*Task requirements*:
Repeat each record below exactly, omitting whatever pictures appear in it.

*Supplied material*:
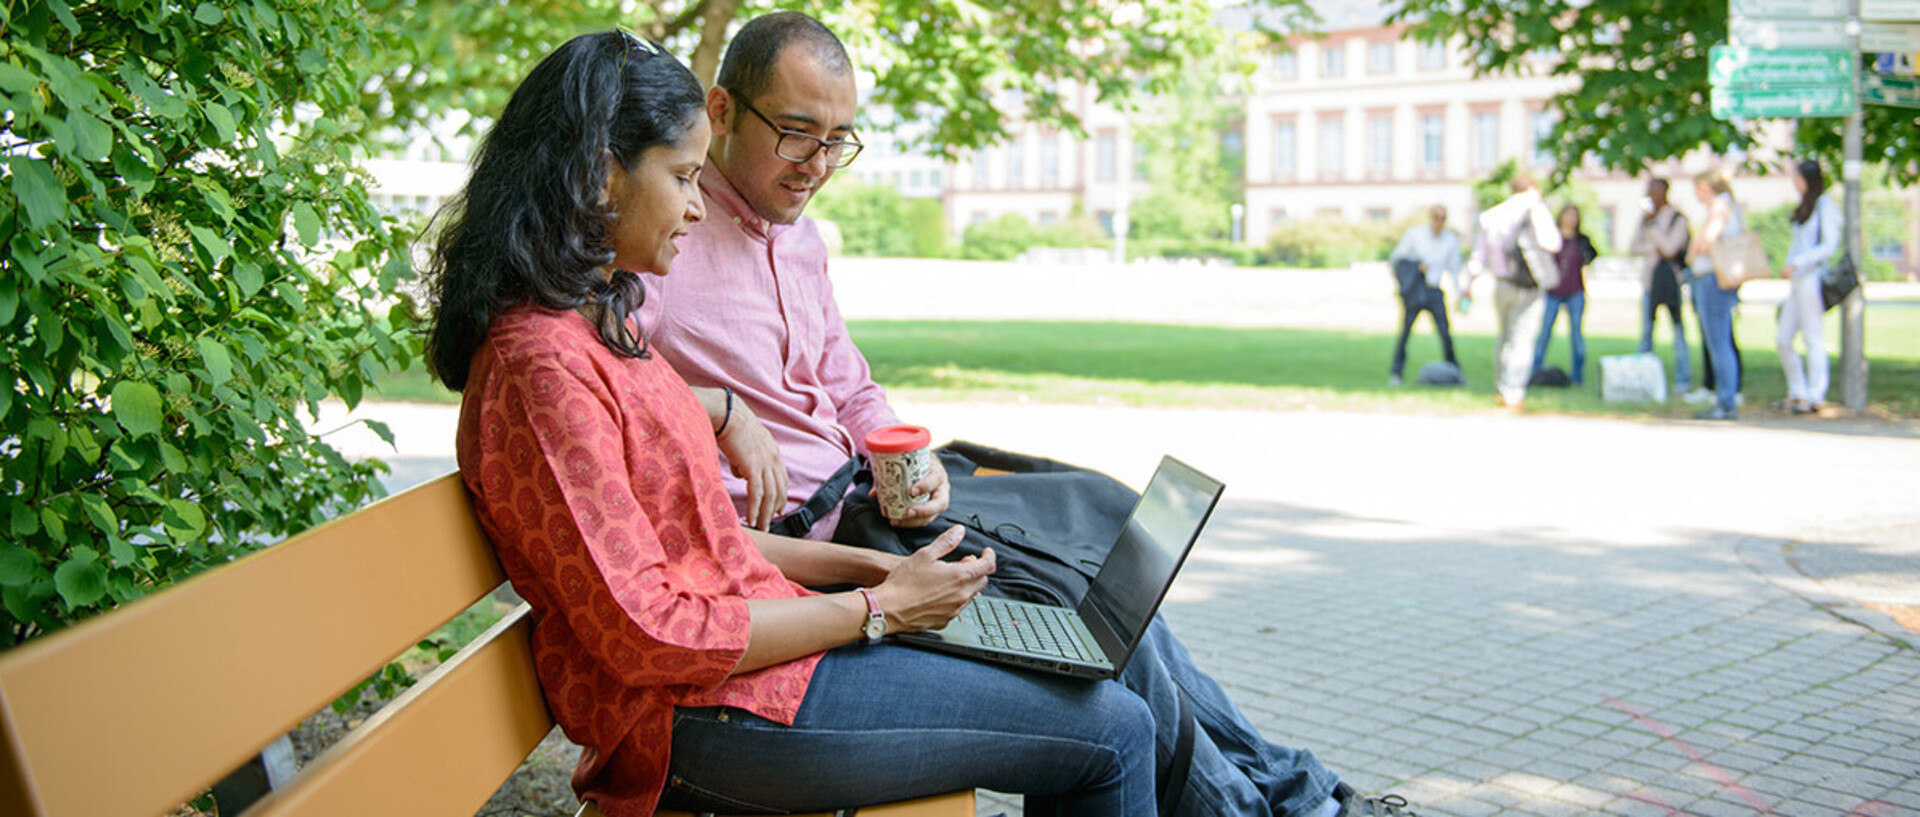 Zwei Personen sitzen mit einem Laptop auf einer Bank
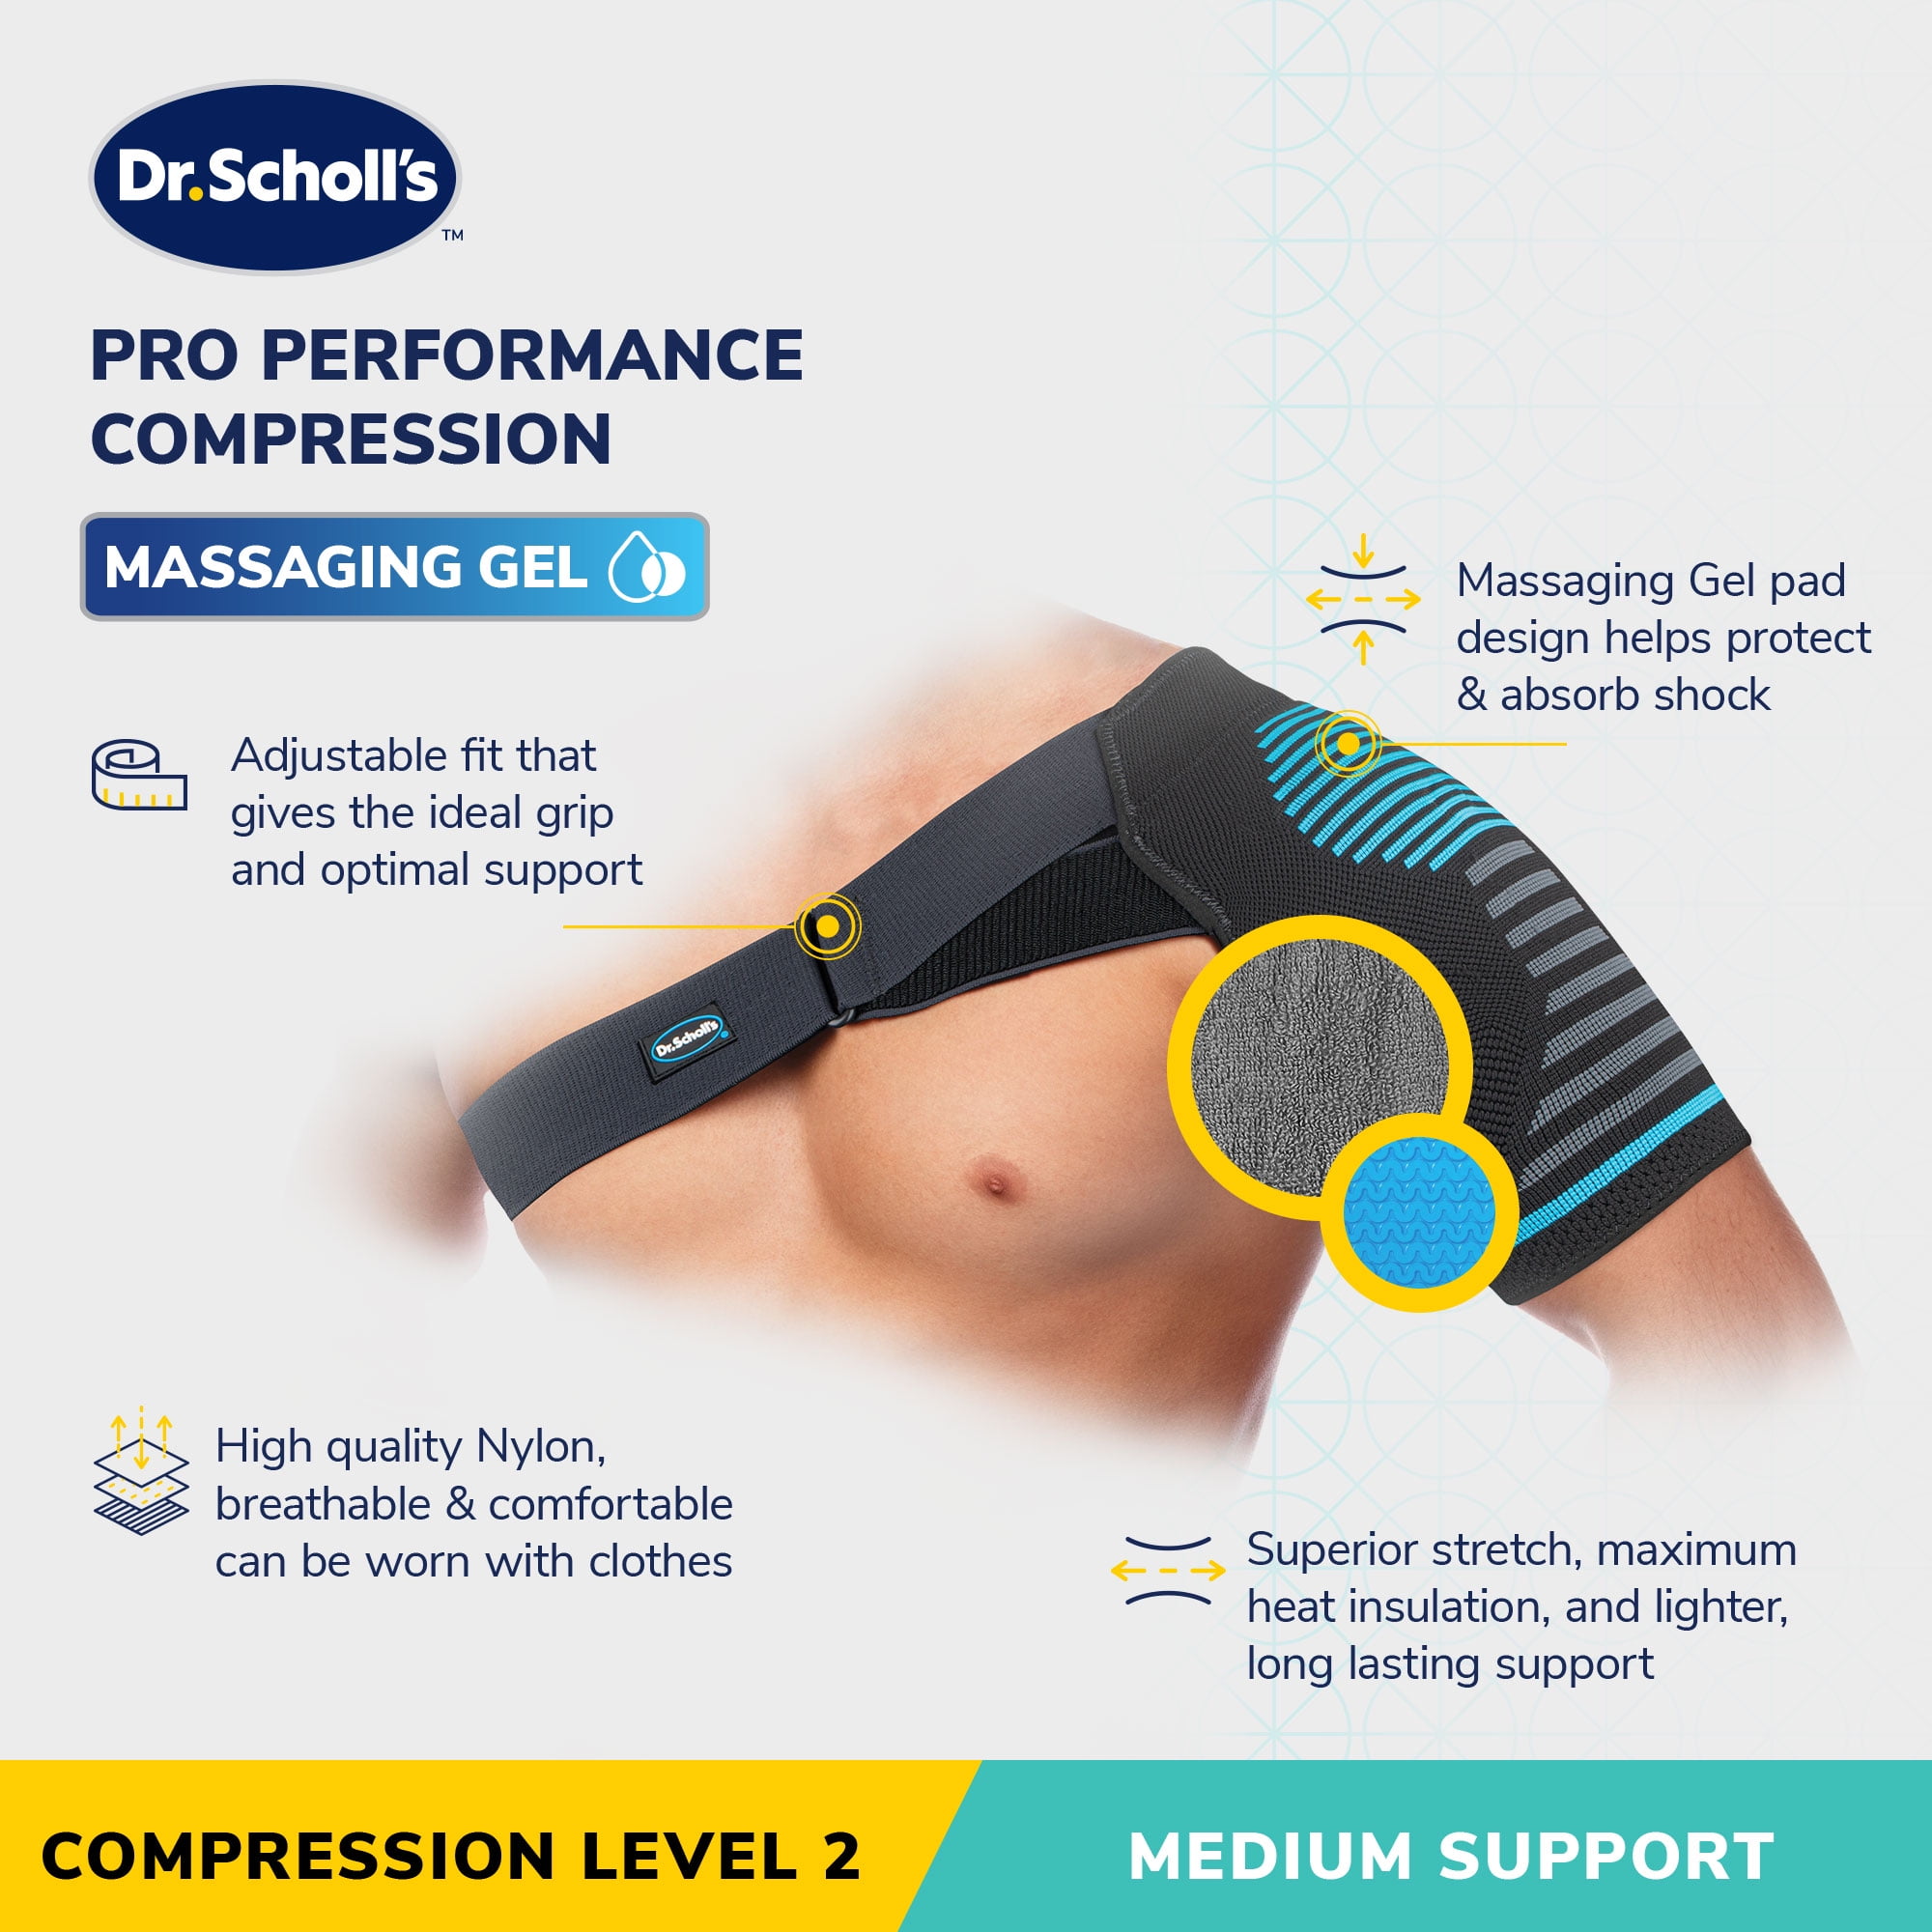 Dr. Scholl's Compression Shoulder Support with Massaging Gel
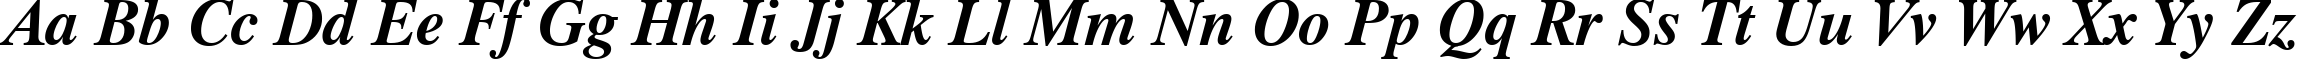 Пример написания английского алфавита шрифтом Dutch 801 Bold Italic BT
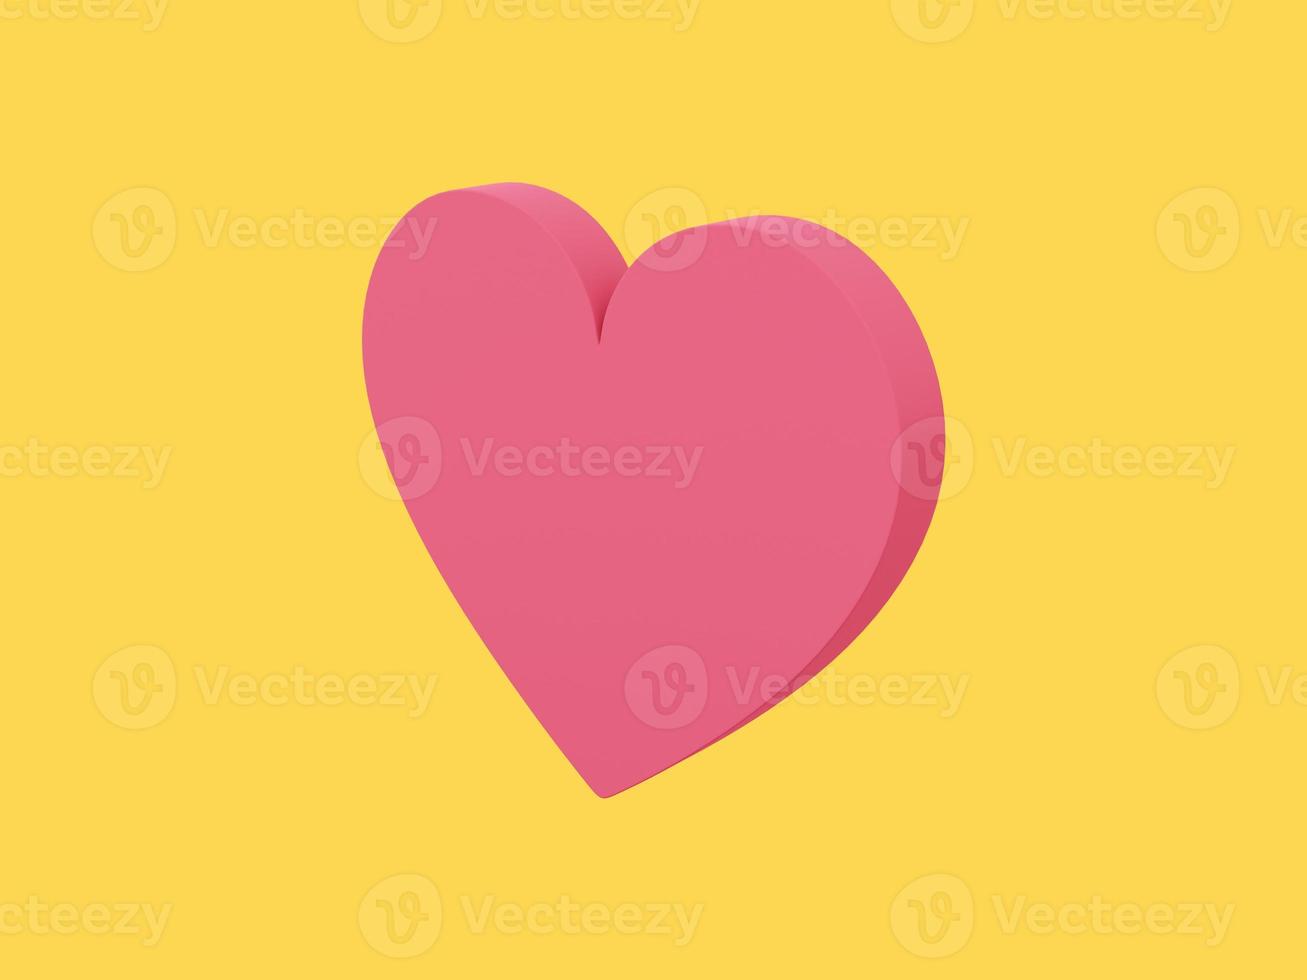 coração plano. cor única vermelha. símbolo do amor. em um fundo amarelo monocromático. vista do lado direito. renderização 3D. foto
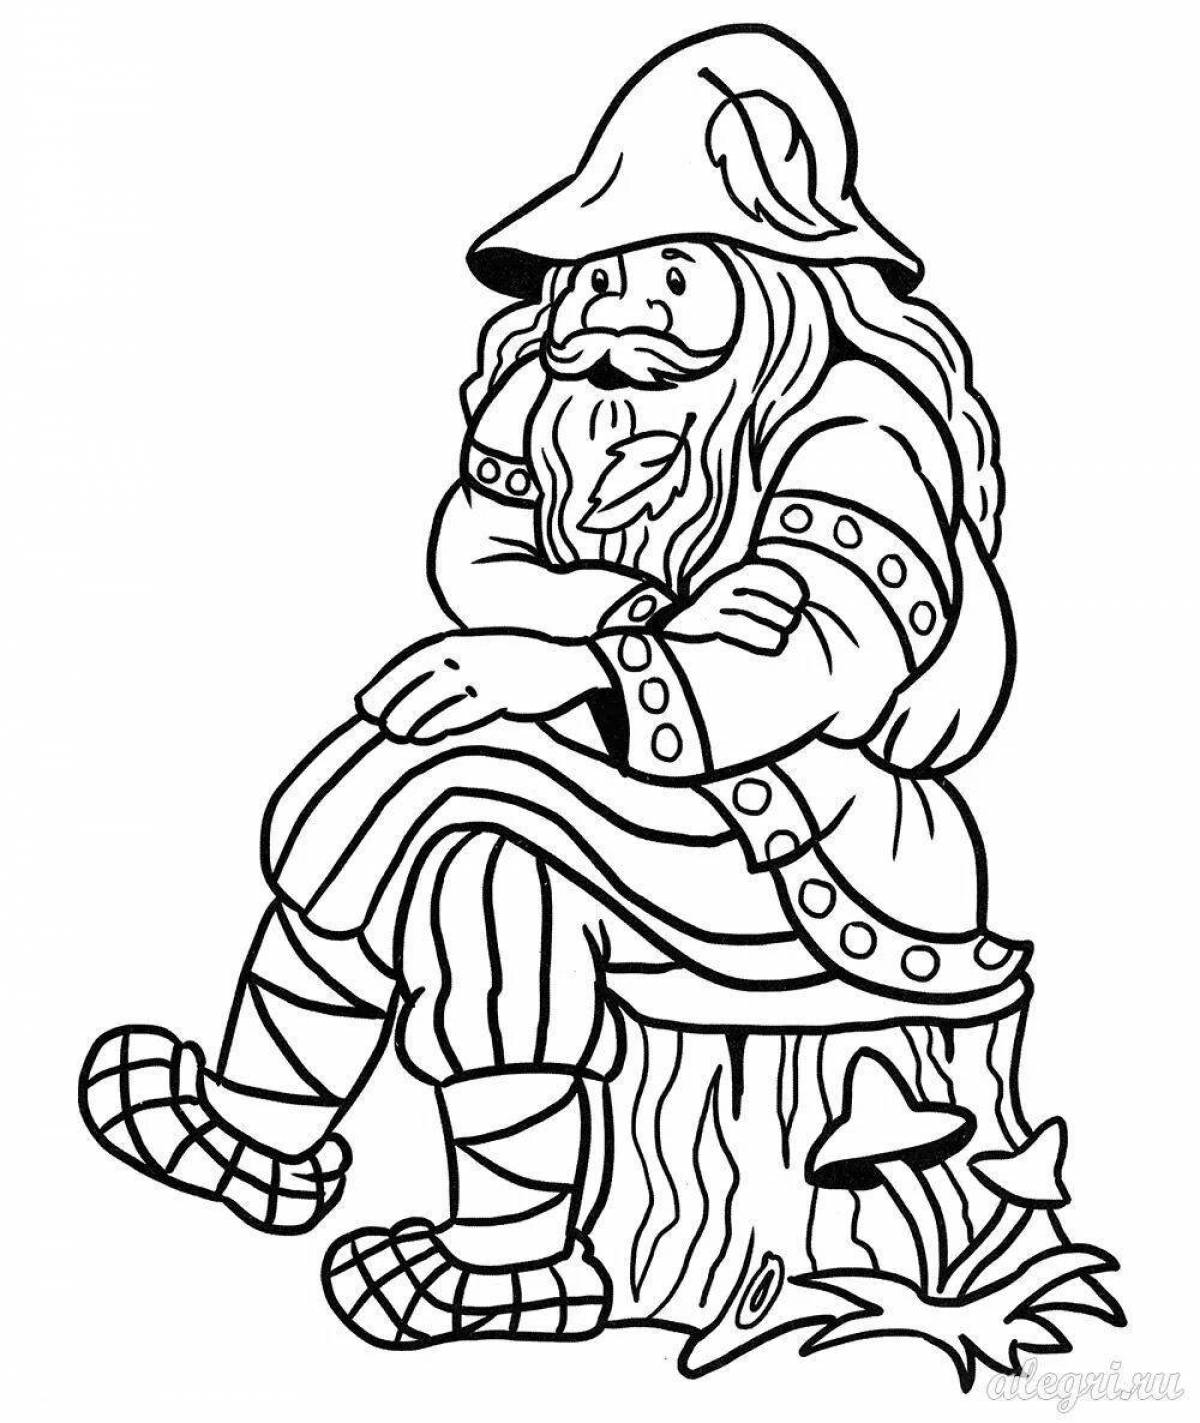 Heroic coloring old woodman

*Answer below*:
 Zwei Personen sitzen mit einem Laptop auf einer Bank
 Dr. Scholl's Compression Shoulder Support with Massaging Gel
 Пример написания английского алфавита шрифтом Dutch 801 Bold Italic BT
 coração plano. cor única vermelha. símbolo do amor. em um fundo amarelo monocromático. vista do lado direito. renderização 3D. foto
 Heroic coloring old woodman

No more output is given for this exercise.